Unicode was added at the last moment, so there is likely to
be some descrepancies.
> 1) I assume that layout processing occurs after Unicode preprocessing;
> otherwise, you can't even find the lexemes. If so, are all Unicode
> characters assumed to be the same width?
I think that's what is intended.
> However, it would also seem quite reasonable to include class Lo
> (which includes things like "Hebrew letter Alef") in UNIsmall or
> UNIlarge; and to include some of the Punctuation classes in UNIsymbol.
It's hard to put Lo in a sensible place since Haskell relies on
the upper/lower distinction. Therefore Lo is not included
in upper or lower.
> 3) What does it mean that Char can include any Unicode character?
It means that within a Haskell program Char can hold a Unicode character.

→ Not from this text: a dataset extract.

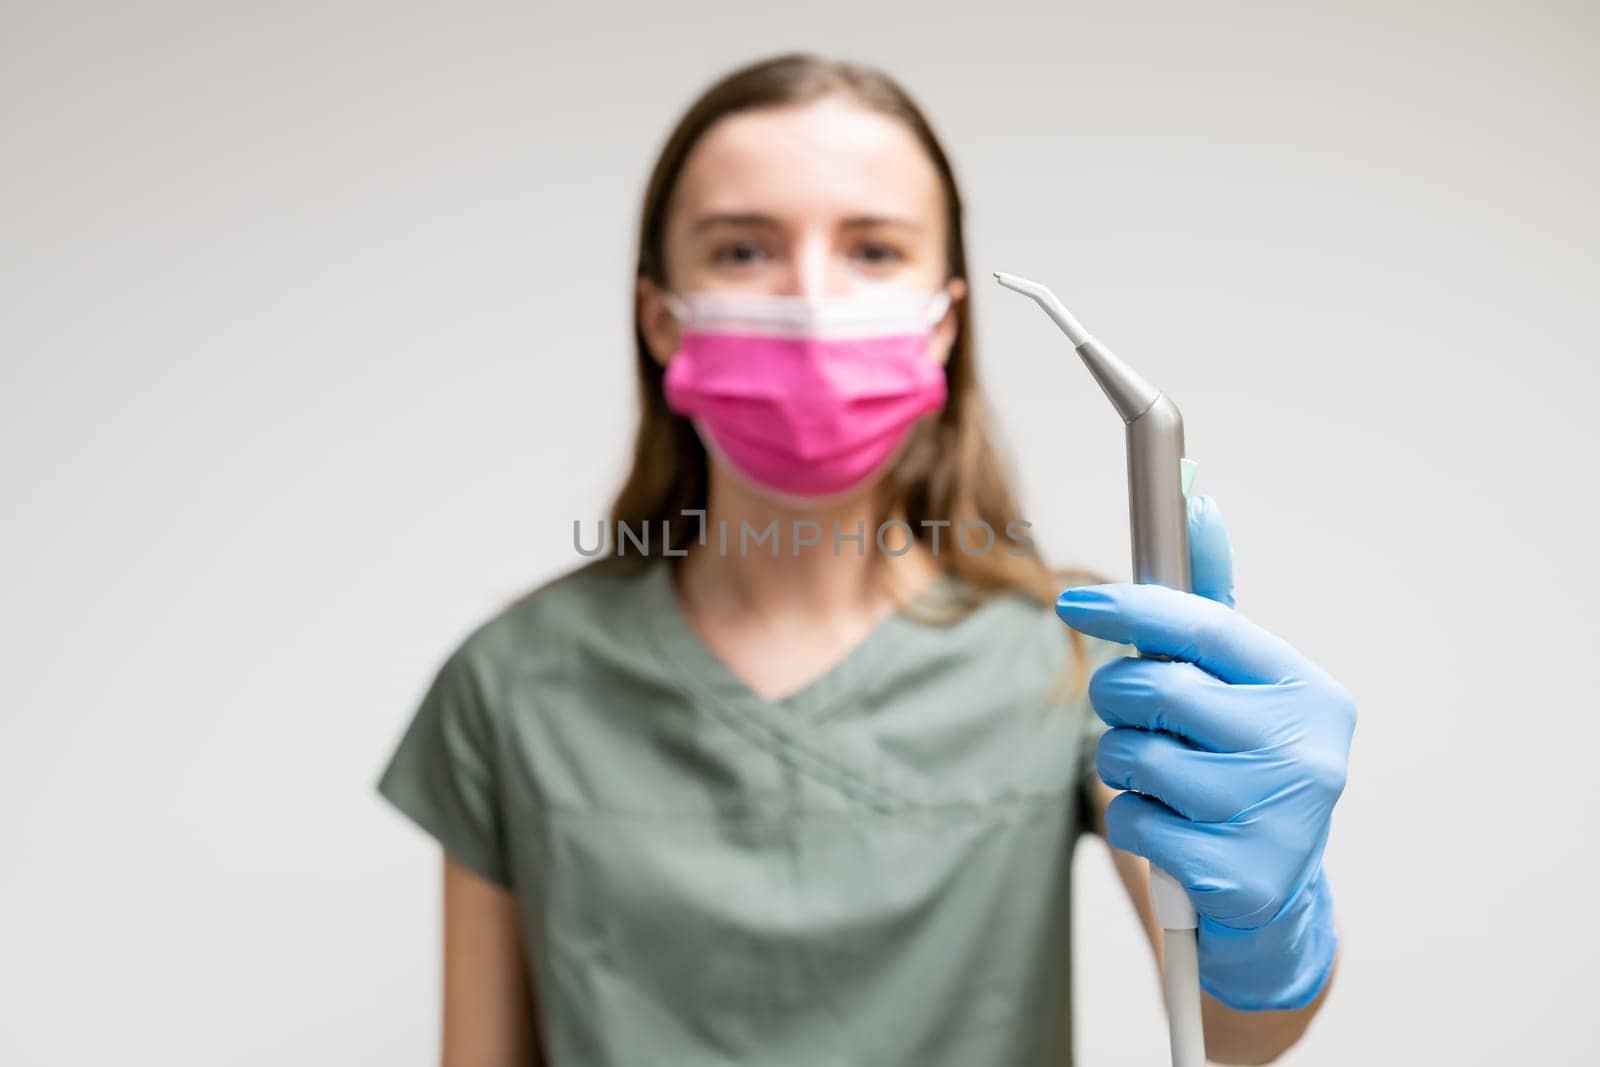 Dentist in face mask holding air and water syringe in dentist hand in rubber gloves by vladimka

> If I compile and run the following program on my vanilla American UNIX
> box:
>
> main = putChar '\x2473' {- print a "circled number twenty" -}
>
> to get a program "ctwenty", and I run
>
> ./ctwenty | od -c
>
> (od prints out each byte of output), what will I see?
>
> Will the following program
>
> main = getChar >>= (print . fromEnum)
>
> ever print out a number greater than 256?
The I/O library has not been converted to Unicode. So I would
expect implementation to silently truncate Unicode characters
to 8 bits.
To do sensibly output (or input) of Unicode characters you need to
encode them somehow. Hbc comes with encode/decode functions (in the
Char library) for three encodings: two bytes per Char, UTF-8, and the
Java encoding (\uXXXX).
-- Lennart
dogbert% cat ctwenty.hs
import Char
main = putStr (encodeUnicode "\x2473")
dogbert% hbc ctwenty.hs -o ctwenty
dogbert% ./ctwenty | od -c
0000000 $ s
0000002
dogbert% cat ctwenty.hs
import Char
main = putStr (encodeUTF8 "\x2473")
dogbert% hbc ctwenty.hs -o ctwenty
dogbert% ./ctwenty | od -c
0000000 342 221 263
0000003
dogbert% cat ctwenty.hs
import Char
main = putStr (encodeEscape "\x2473")
dogbert% hbc ctwenty.hs -o ctwenty
dogbert% ./ctwenty | od -c
0000000 \ u 2 4 7 3
0000006